“Quando é que eu começo a mudar?” Reflexões sobre Psicoterapia e Medo da Vida

 

(20 de junho de 2012)

Há alguns anos, quando eu ainda era recém-formado,  eu ouvi uma pergunta que me marcou, a pessoa questionou:

“Já estou fazendo terapia há algum tempo, quando é que eu começo a mudar?”

Acredito que a minha resposta na época não foi suficiente (especial-mente para mim). Assim, eu gostaria de pensar um pouco sobre essa questão. Talvez o primeiro ponto que que devemos pensar é a idéia de que “ir ao psicólogo” ou “ir a terapia” é sinônimo de “estar em terapia/análise” ou mesmo achar isso é resolução dos problemas ou conflitos. Infelizmente não é.

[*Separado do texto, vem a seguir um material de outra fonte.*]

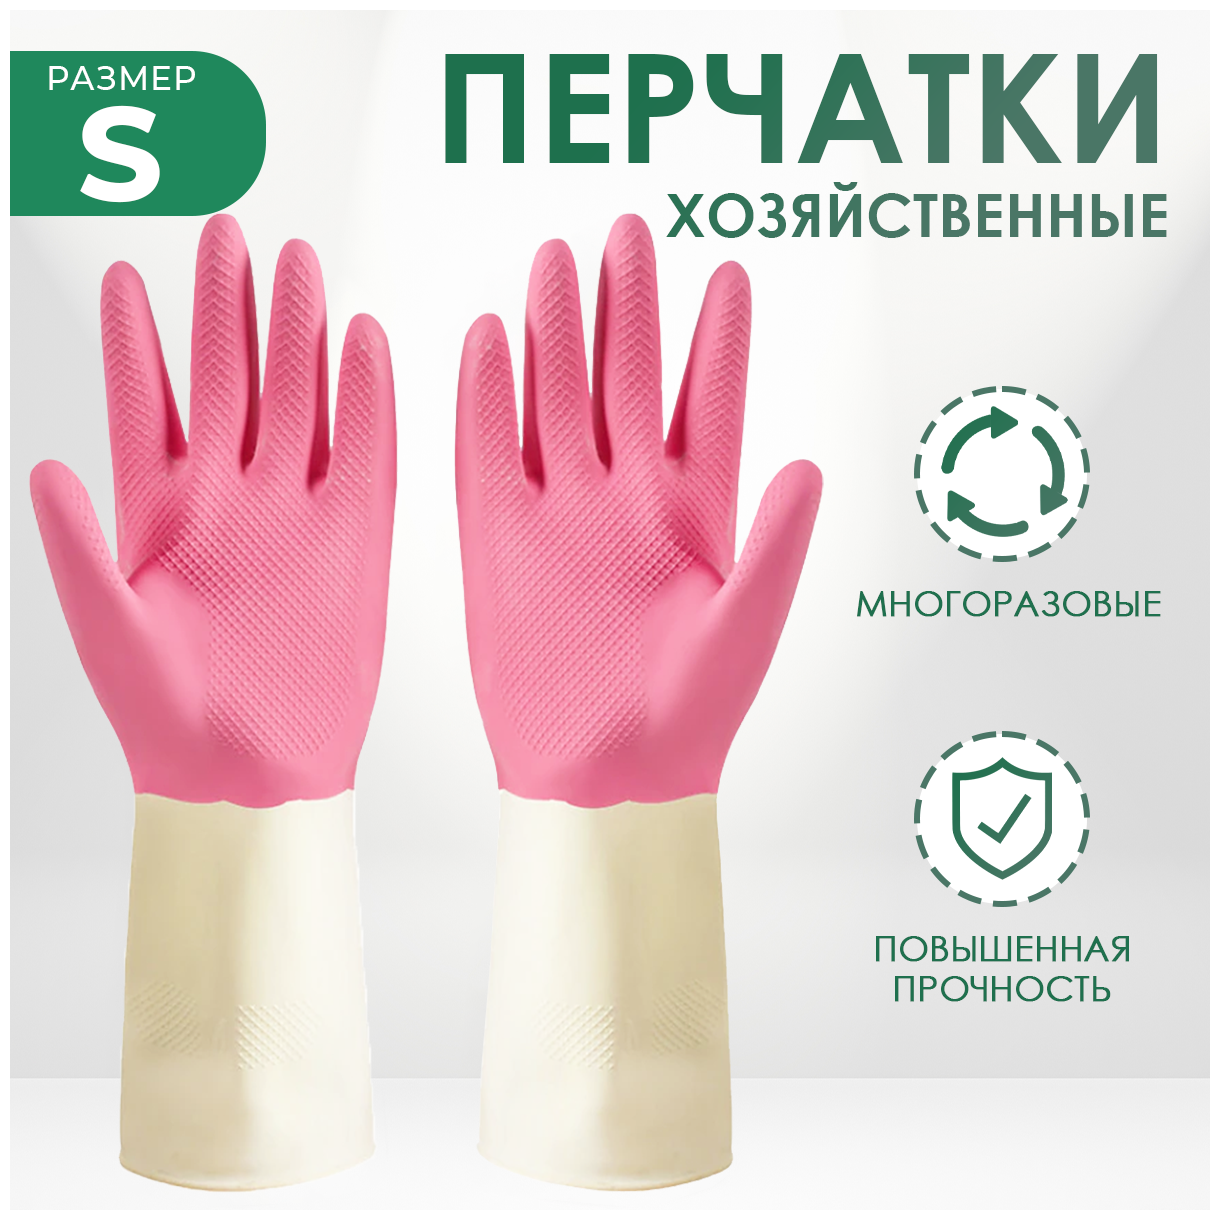 Хозяйственные перчатки MRD для мытья и уборки с усиленной манжетой, 1 пара, размер S

Qual seria, então, a diferença entre ir à terapia” ou “estar em terapia/análise”? . A primeira expressão, “ir à terapia”, aponta justamente para uma relação com o espaço de encontro com profissional. Isto é, a “terapia” restringe-se a esse espaço e a esse horário, assim, o psicólogo se torna o protagonista da “terapia”, como se o processo somente ocorresse na presença do psicólogo.

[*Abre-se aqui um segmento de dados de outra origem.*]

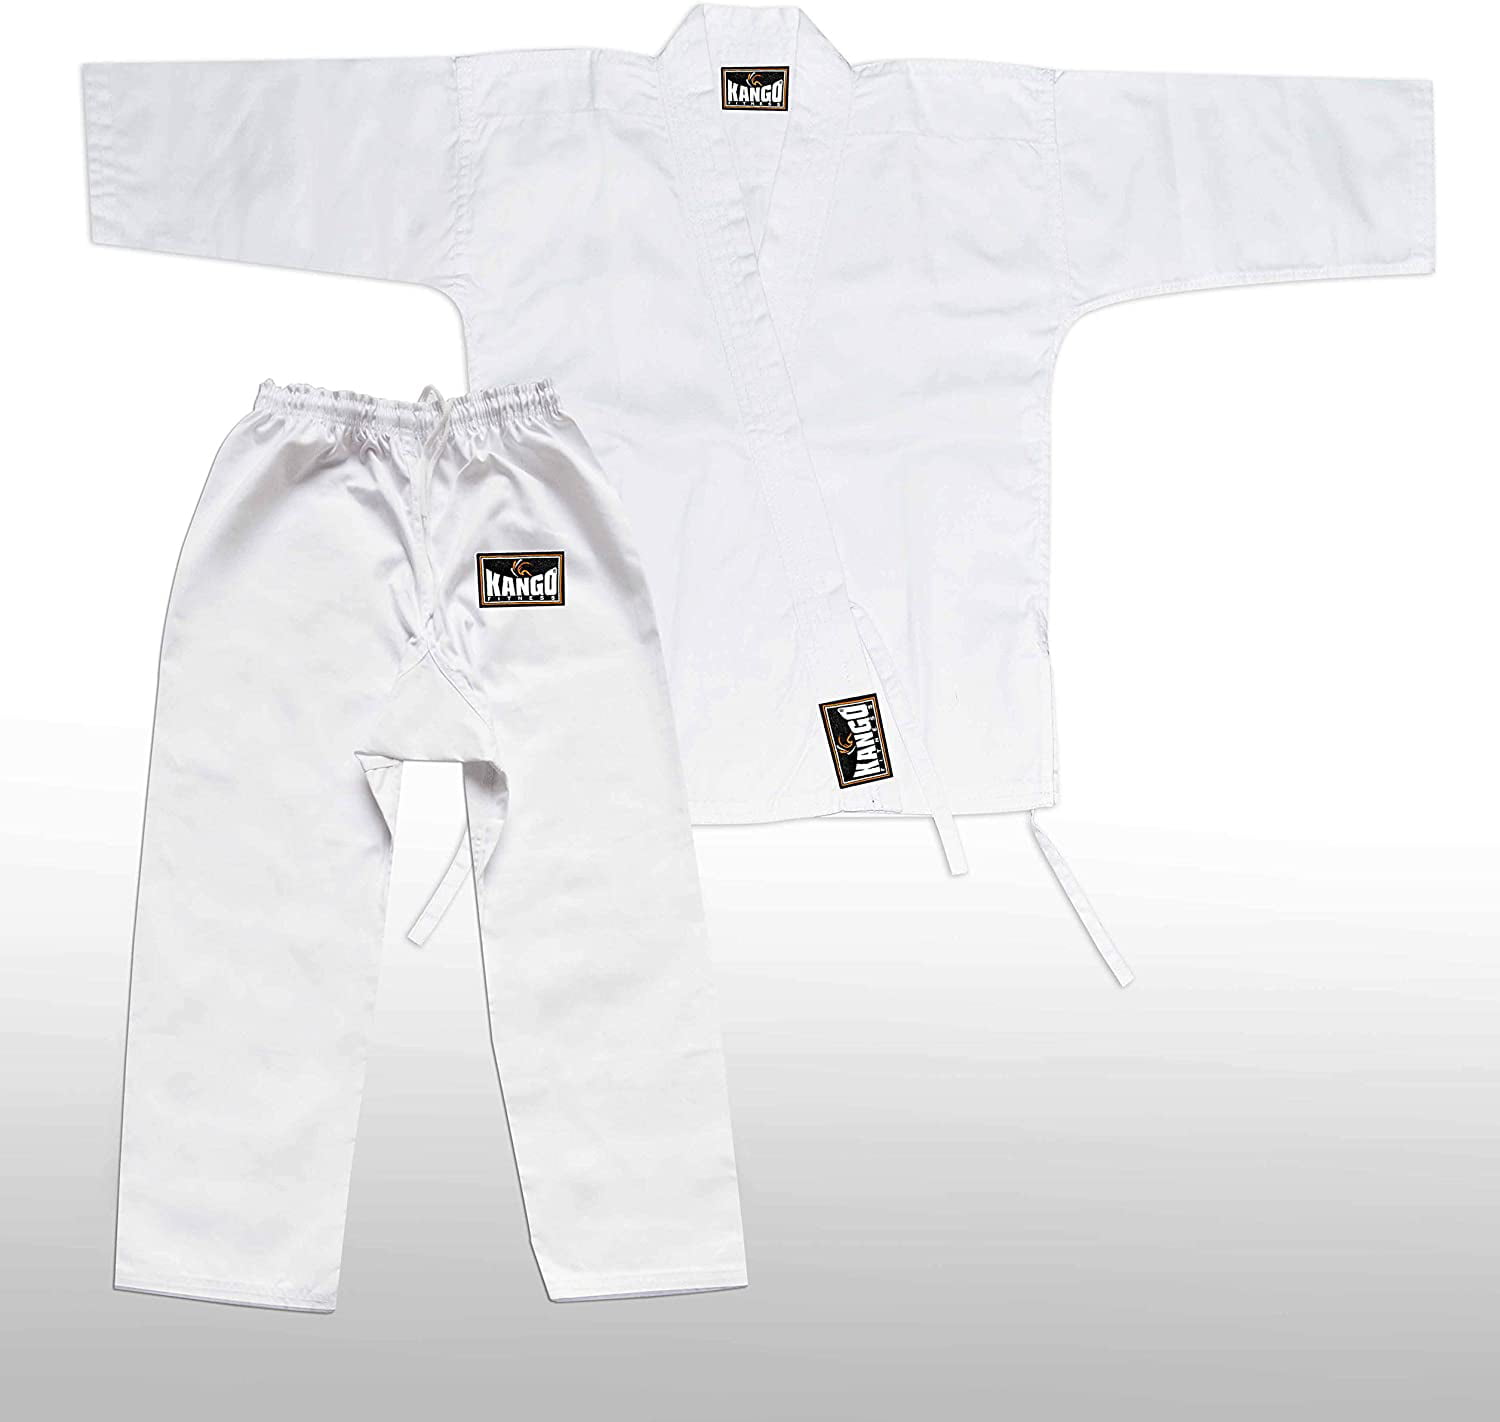 Details about   Sports Junior Kids children Karate Uniform Suit Clothing Poly Cotton White Belt

Quando falamos em “estar em terapia/análise” não nos referimos mais a uma idéia de local, mas, sim a um estado. Assim, “estar em terapia/análise” significa que a pessoa parou de culpar mundo pelo seu sofrimento, assumindo a responsabilidade por si mesmo e, especialmente, pelo seu futuro. Desde modo, a “terapia ou análise” não se restringe a presença do psicólogo ou consultório. O profissional acompanha, auxilia nesse processo de compreensão, mas, sem perder de vista o papel fundamental e o mérito é cliente. A terapia/analise é do cliente e não do psicólogo.

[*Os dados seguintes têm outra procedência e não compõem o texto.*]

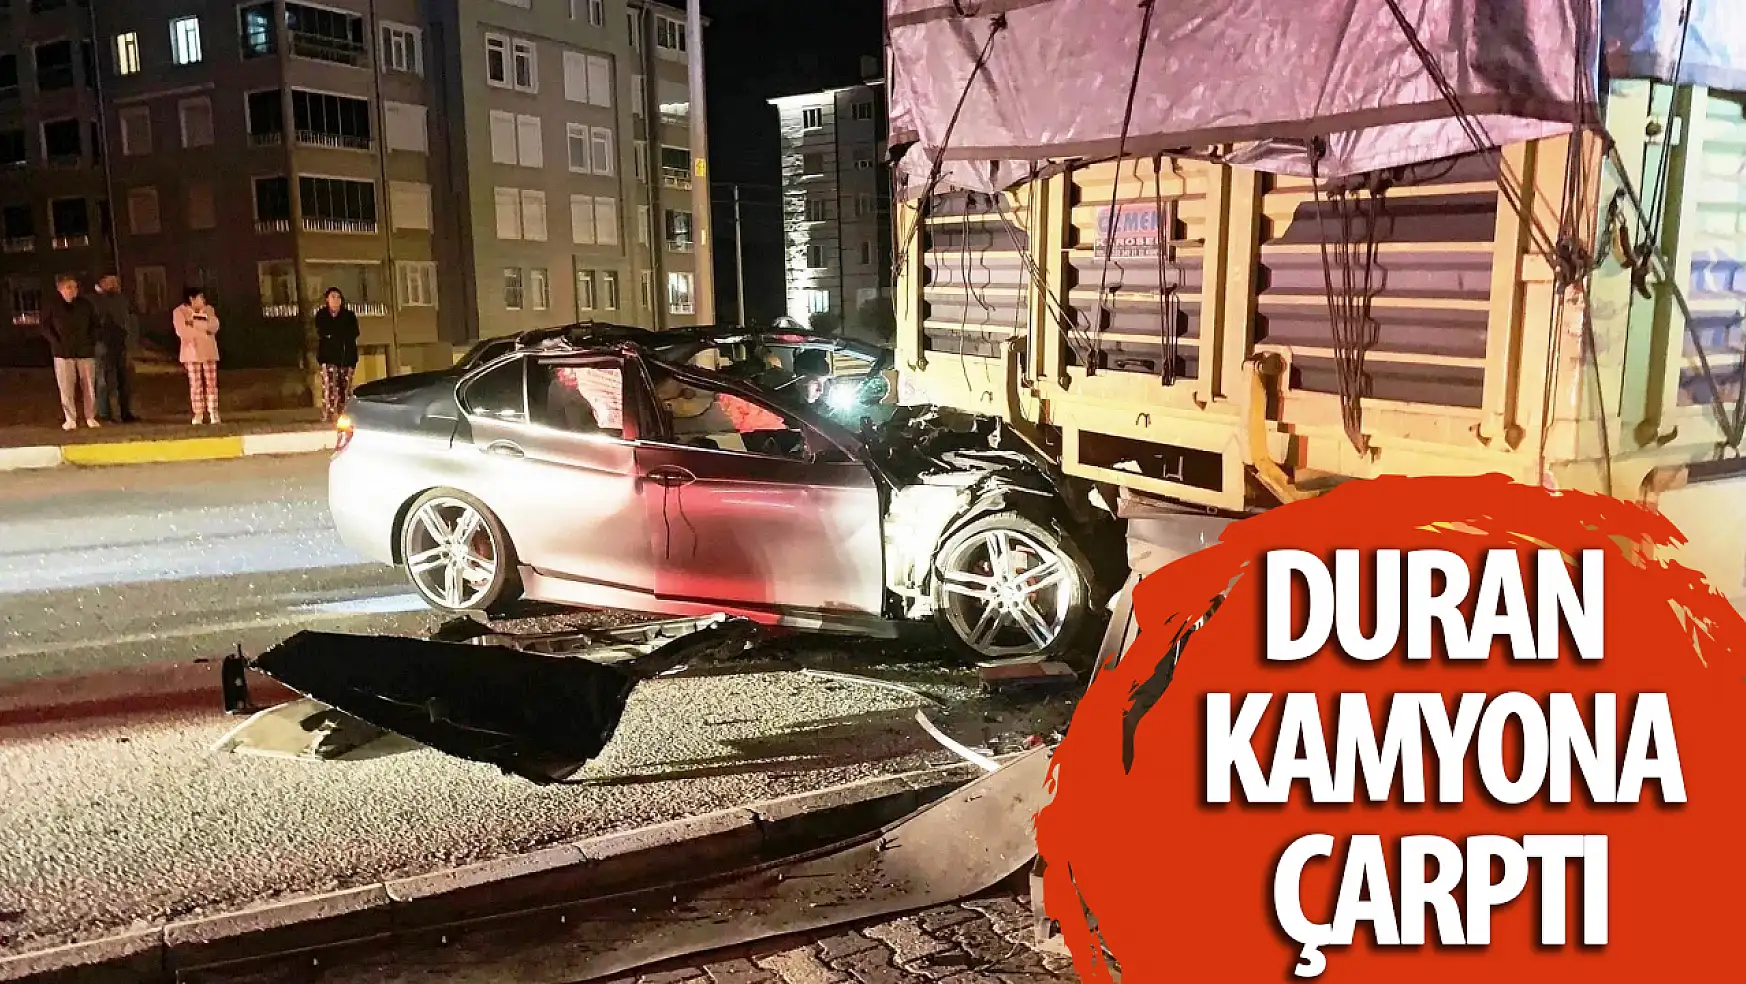 Konya'da bir otomobil duran kamyona çarptı: 2 yaralı

Assim,“estar em terapia/análise” é o primeiro passo para respondermos “quando é que eu começo  a mudar”. O passo seguinte seria compreender que racionalização não é conscientização. Acho importante essa distinção, pois, racionalização é um mecanismo de defesa, onde é criada na consciência uma explicação coerente e lógica acerca do sintoma ou problema, fazendo com que o individuo não enfrente o problema ou questão em si. Contudo, outro engano é achar que “conscientizar”, isto é, trazer um conteúdo inconsciente a consciência, seja o objetivo da psicoterapia.

Na verdade, para Jung, a conscientização envolve necessariamente uma ação. Isto é, para a conscientização ser efetiva é necessário que ela promova uma mudança na consciência. Esta mudança ou a integração de um conteúdo de origem inconsciente só é possível por uma ação voluntária da consciência. Por isso, é importante compreender que o desejo de “melhora” ou “de cura” ou “mudança” não se dá pela via passiva.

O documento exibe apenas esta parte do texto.